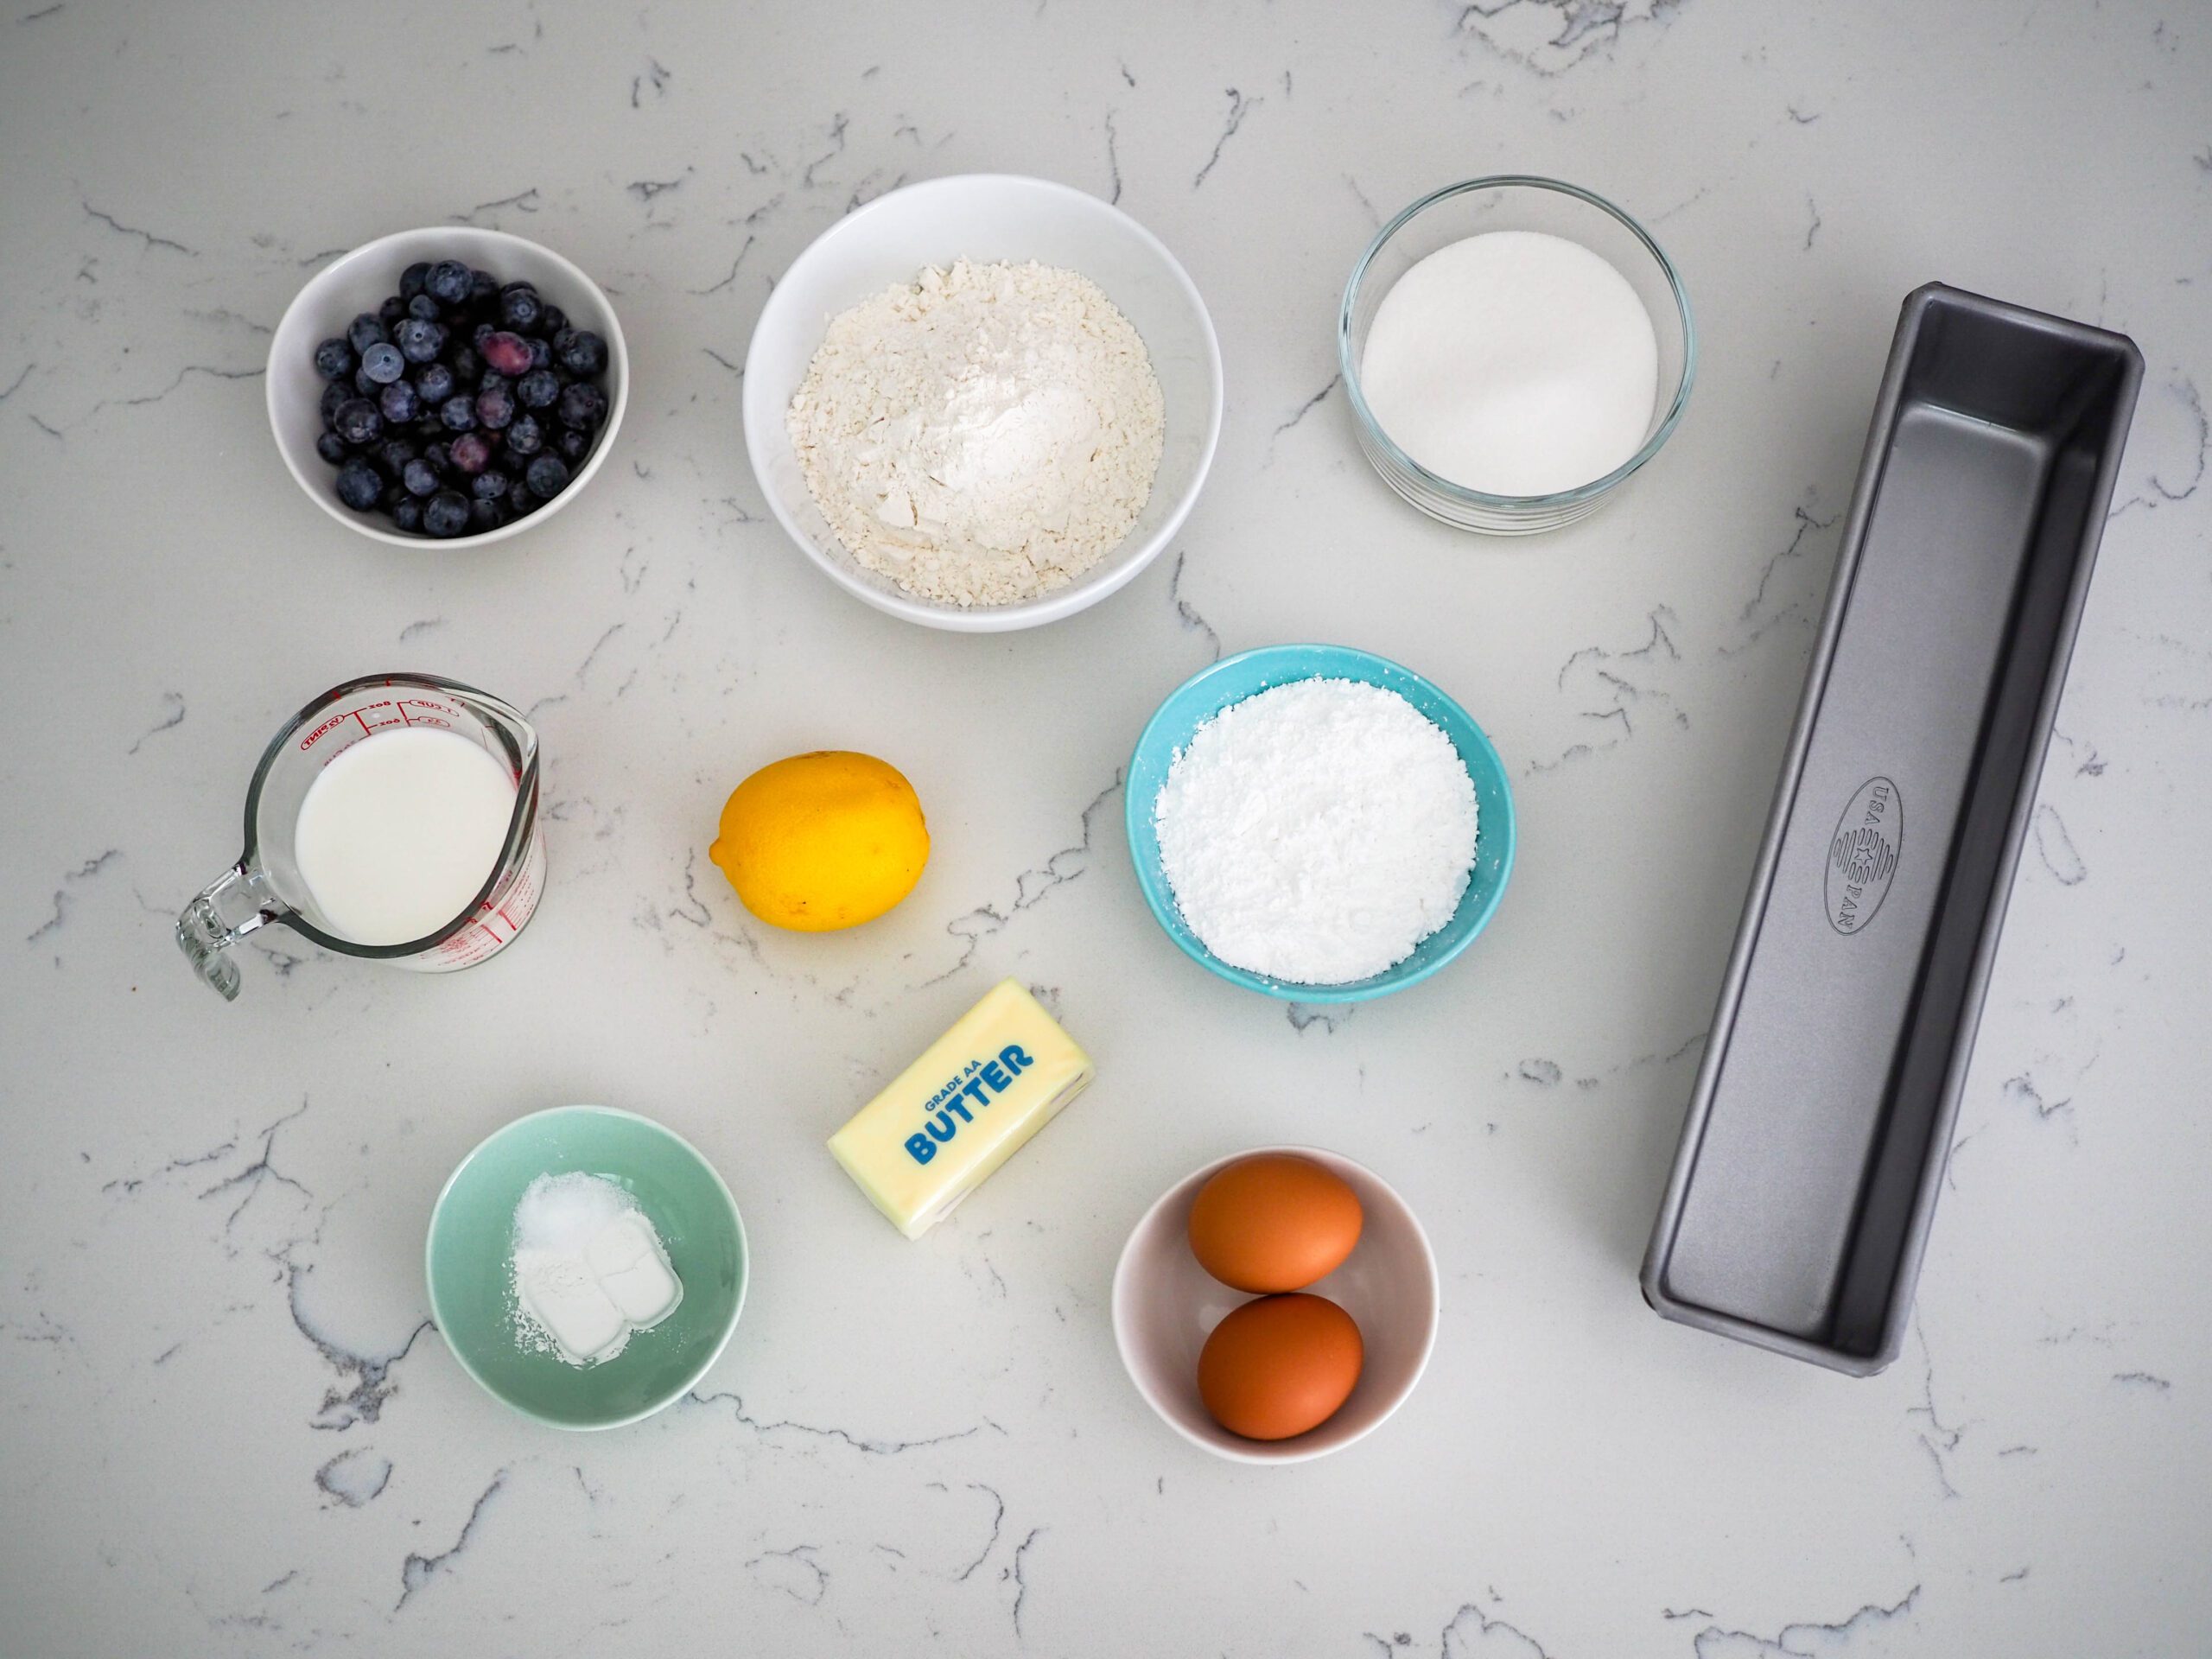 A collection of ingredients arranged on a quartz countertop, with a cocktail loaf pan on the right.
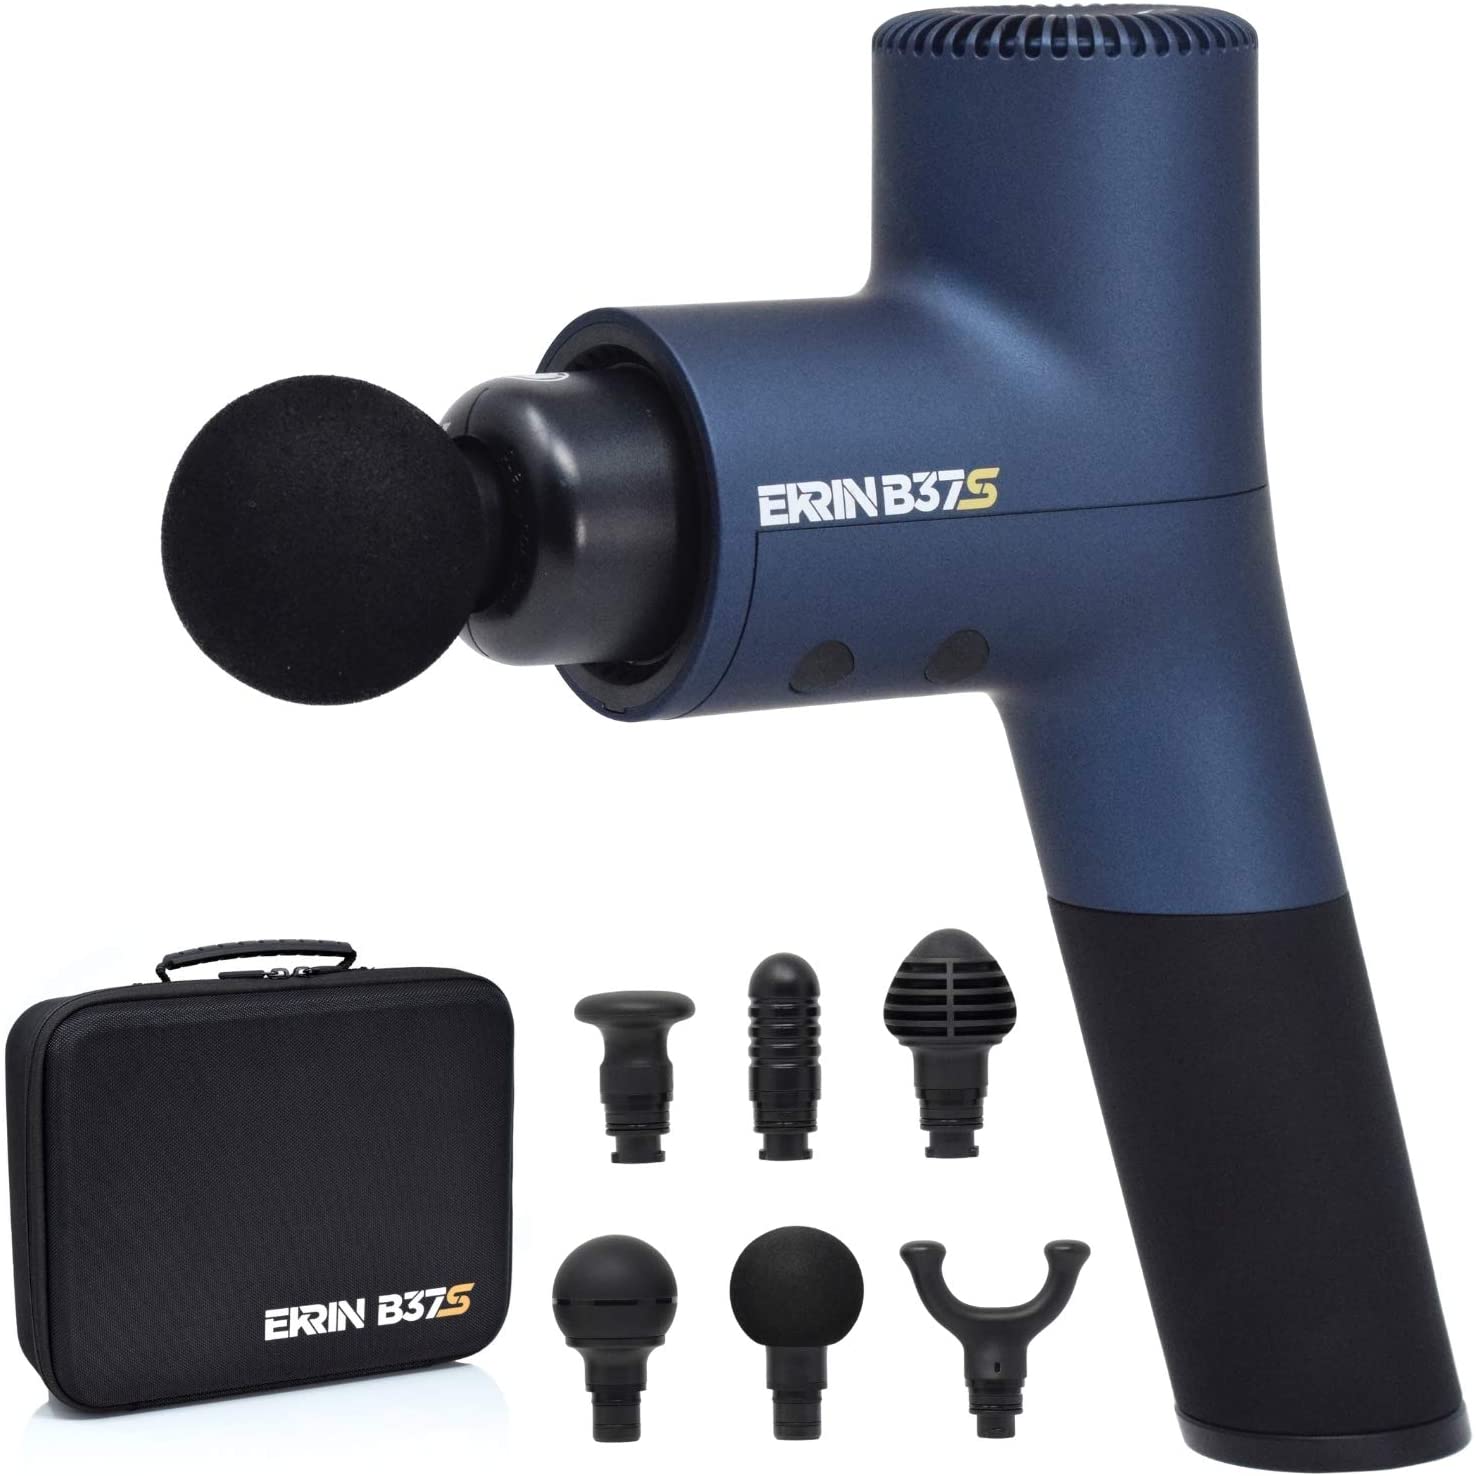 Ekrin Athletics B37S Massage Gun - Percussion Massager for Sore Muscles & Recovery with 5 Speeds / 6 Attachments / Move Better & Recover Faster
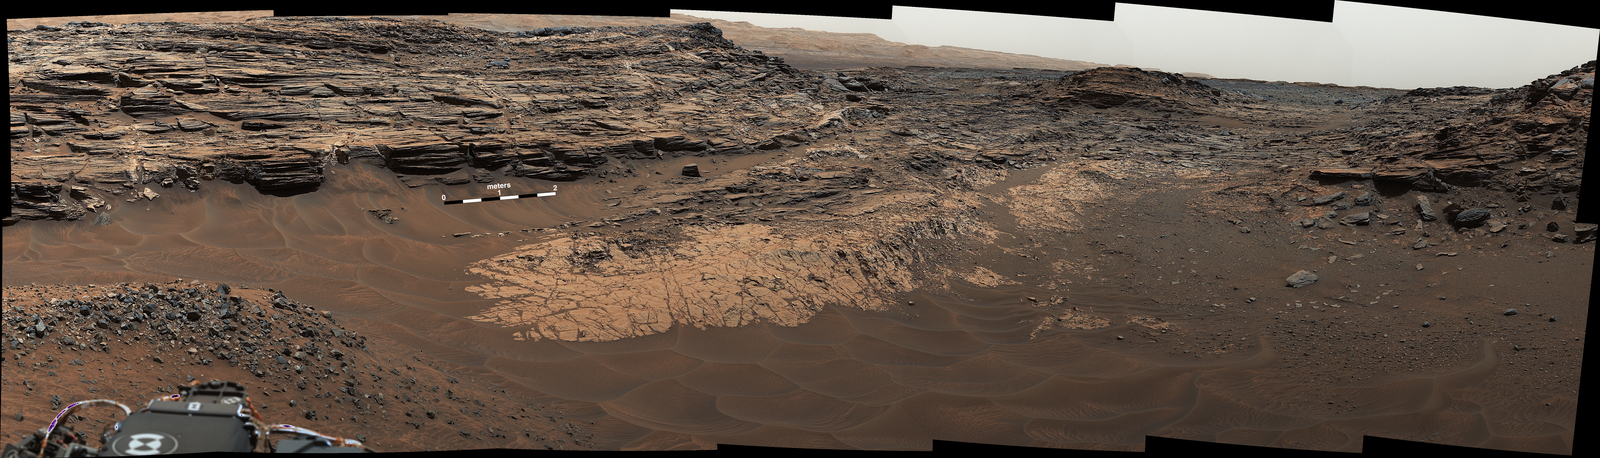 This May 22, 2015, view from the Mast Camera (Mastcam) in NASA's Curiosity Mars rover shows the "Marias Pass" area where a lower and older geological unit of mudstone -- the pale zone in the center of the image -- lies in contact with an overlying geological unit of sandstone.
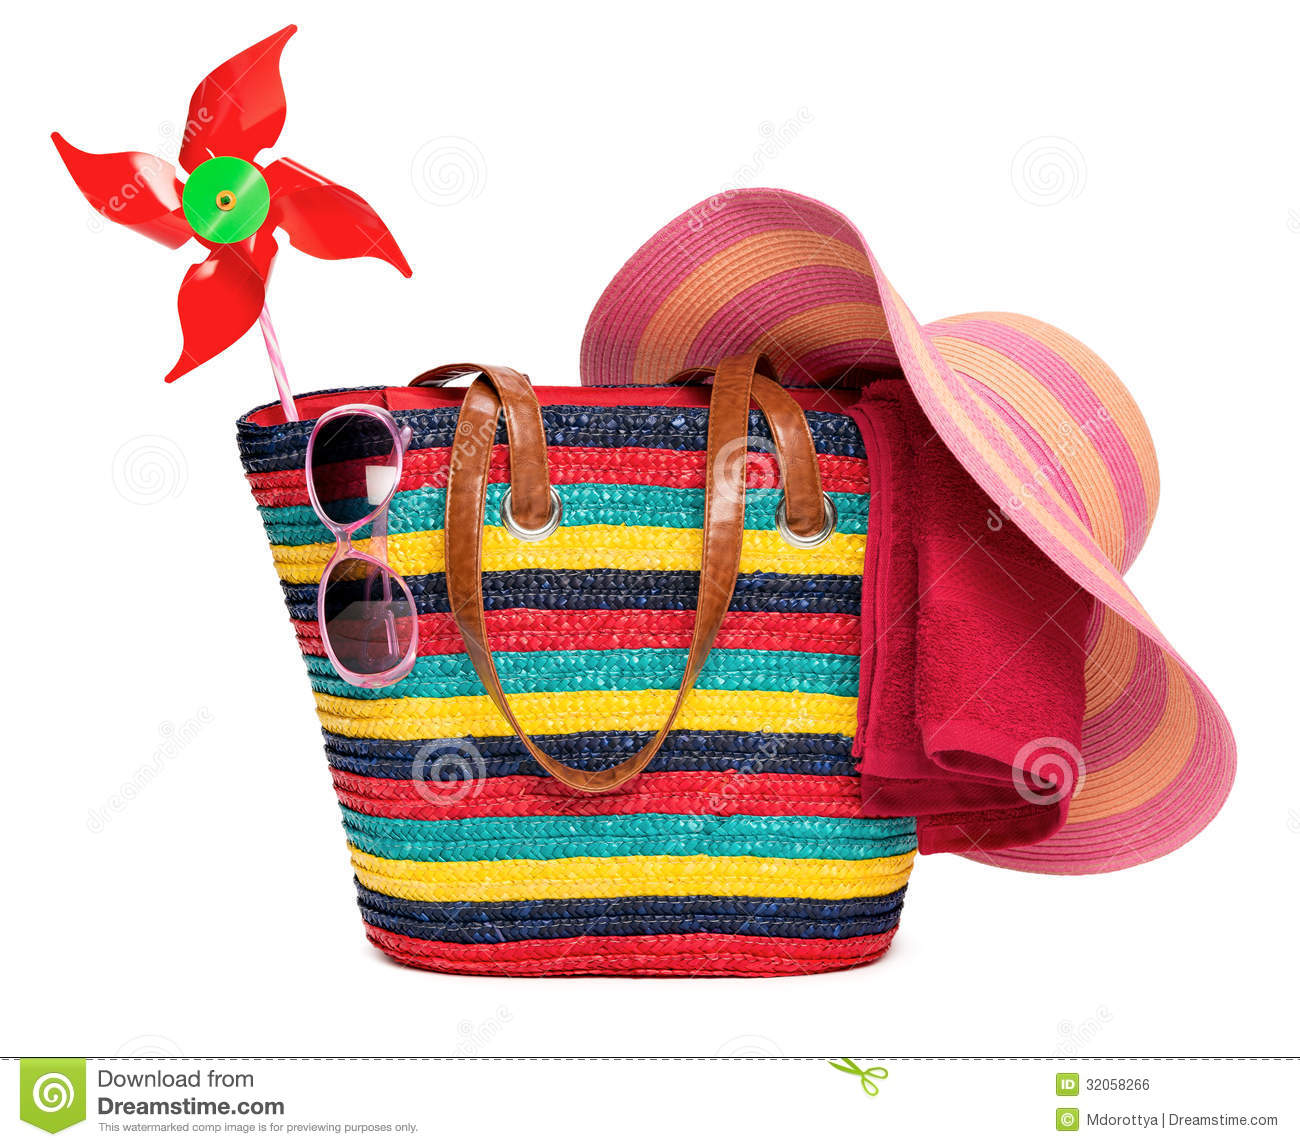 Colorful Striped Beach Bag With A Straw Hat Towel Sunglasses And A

_WHAT IS EXPECTED_
Leave the pictures out and reproduce exactly the lines from the top of the listing above through the line with "Ekrin Athletics B37S".

_TASK SOLUTION_
 A collection of ingredients arranged on a quartz countertop, with a cocktail loaf pan on the right.
 Ekrin Athletics B37S Massage Gun - Percussion Massager for Sore Muscles & Recovery with 5 Speeds / 6 Attachments / Move Better & Recover Faster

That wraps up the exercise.